Sunday, August 3, 2014


Written and directed by
Whit Stillman
Starring Carolyn Farina, Edward Clements, Chris Eigeman, Taylor Nichols, Ella Thompson
IMDB Entry

There was one name that didn’t quite fit when the nominees for best original screenplay came out for 1990.  You had Bruce Joel Rubin, who had written the phenomenally popular Ghost. They there were Woody Allen, Barry Levinson, and Peter Weir, all of whom had made their mark as writers and directors.  But the fifth was an obscure name who had written (and directed) his first film:  Whit Stillman.  His nomination for Metropolitan certainly was unusual:  it was a small independent film that made less than $3 million in the US.  Why was he up there with the others?

Because, quite simply, he deserved it. 

Metropolitan is about a group of upper-class New York college students during debutante ball season.  Tom Townsend (Edward Clements) gets involved with the group as a way to spend time with Serena Slocomb (Ella Thomson), who he has a crush on, even though she’s seeing someone else.  The cynical Nick Smith (Chris Eigeman) starts to give Tom advice, as the group goes through the season, aware it is a dying tradition, but also too much a part of it to want to give it up.
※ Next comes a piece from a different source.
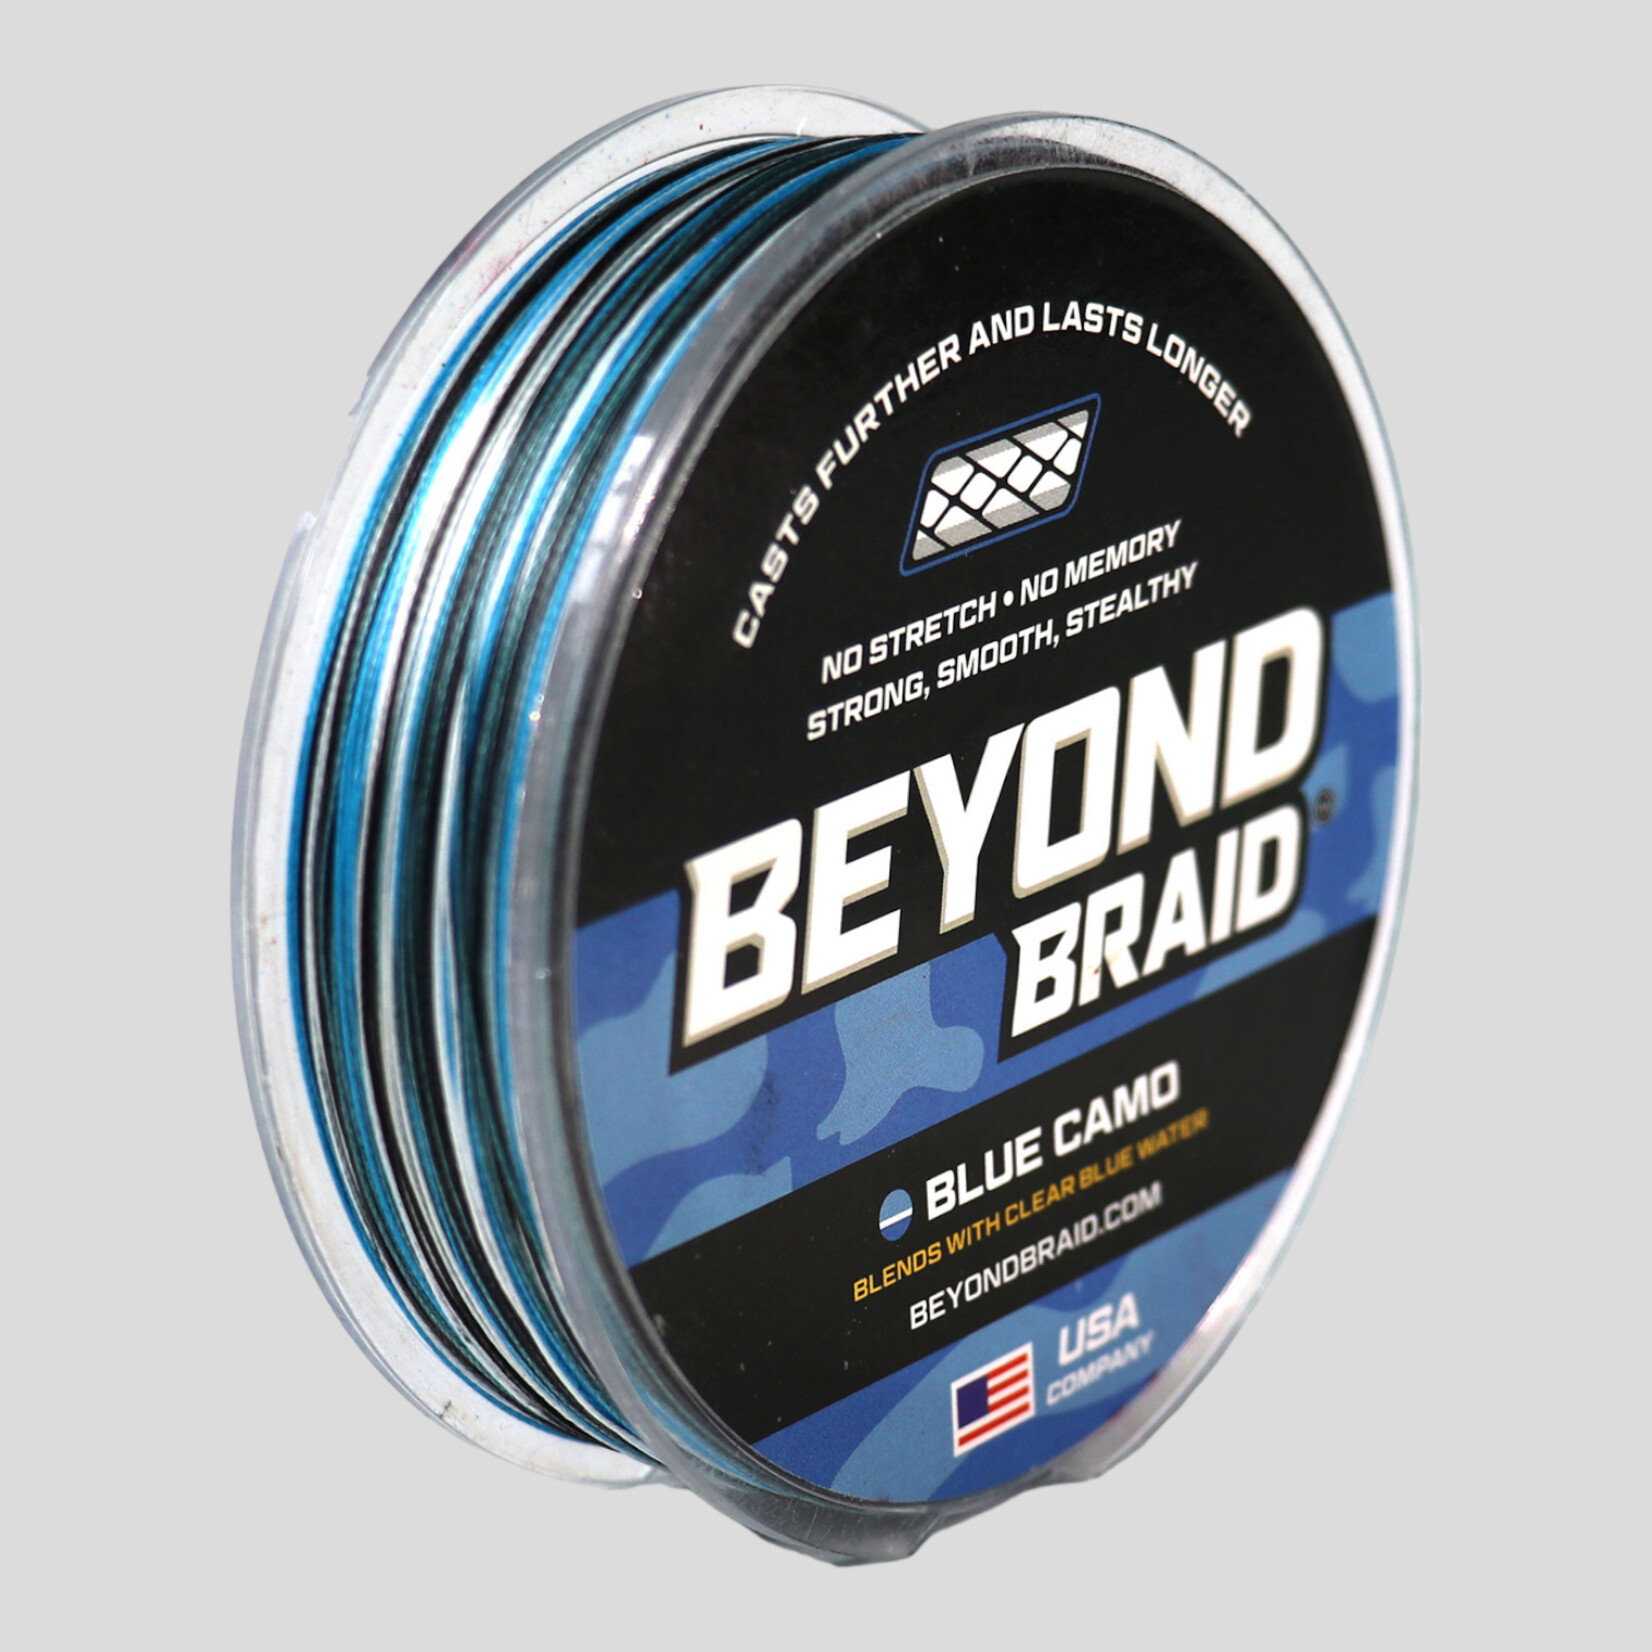 Beyond Braid Beyond Braid 8X 300yds

The story goes through a passel of romantic complications, but it’s less a movie about plot than it’s one about dialogue.  Stillman had a gift for it, and the characters are articulate and very funny, sort of a mix between John Sayles Return of the Secaucus Seven and half a dozen Woody Allen films.  The words draw you in and make the plot only an afterthought.*

Of course, Stillwell was not going to win, but the nomination helped him to make more movies.  His next, Barcelona, saw the same sort of people as in Metropolitan only with the added complication of being outside the US.  It shared some themes and references to Metropolitan, and his third film, The Last Days of Disco, saw the social group involved in the disco scene.**  There are references between the films (especially the first and third) and the two make up a thematic trilogy.

But, in the blockbuster world that came up in the 90s, the films were squeezed out.  It didn’t help that The Last Days of Disco flopped, and it was 11 years until Stillman directed again.  Still, the trilogy is filled with smart dialog and plenty of entertainment value.

*The acting also could have been better; most of the cast did not appear in much other than this.

**Whitman wrote a fascinating novel from the screenplay, based on the premise that one of the characters in the movie was writing about what the movie got wrong.  The Last Days of Disco, with Coctails at Petrossian Afterwards, is usually listed as a novelization, but that conceit made it more than just a retelling of what was on the screen.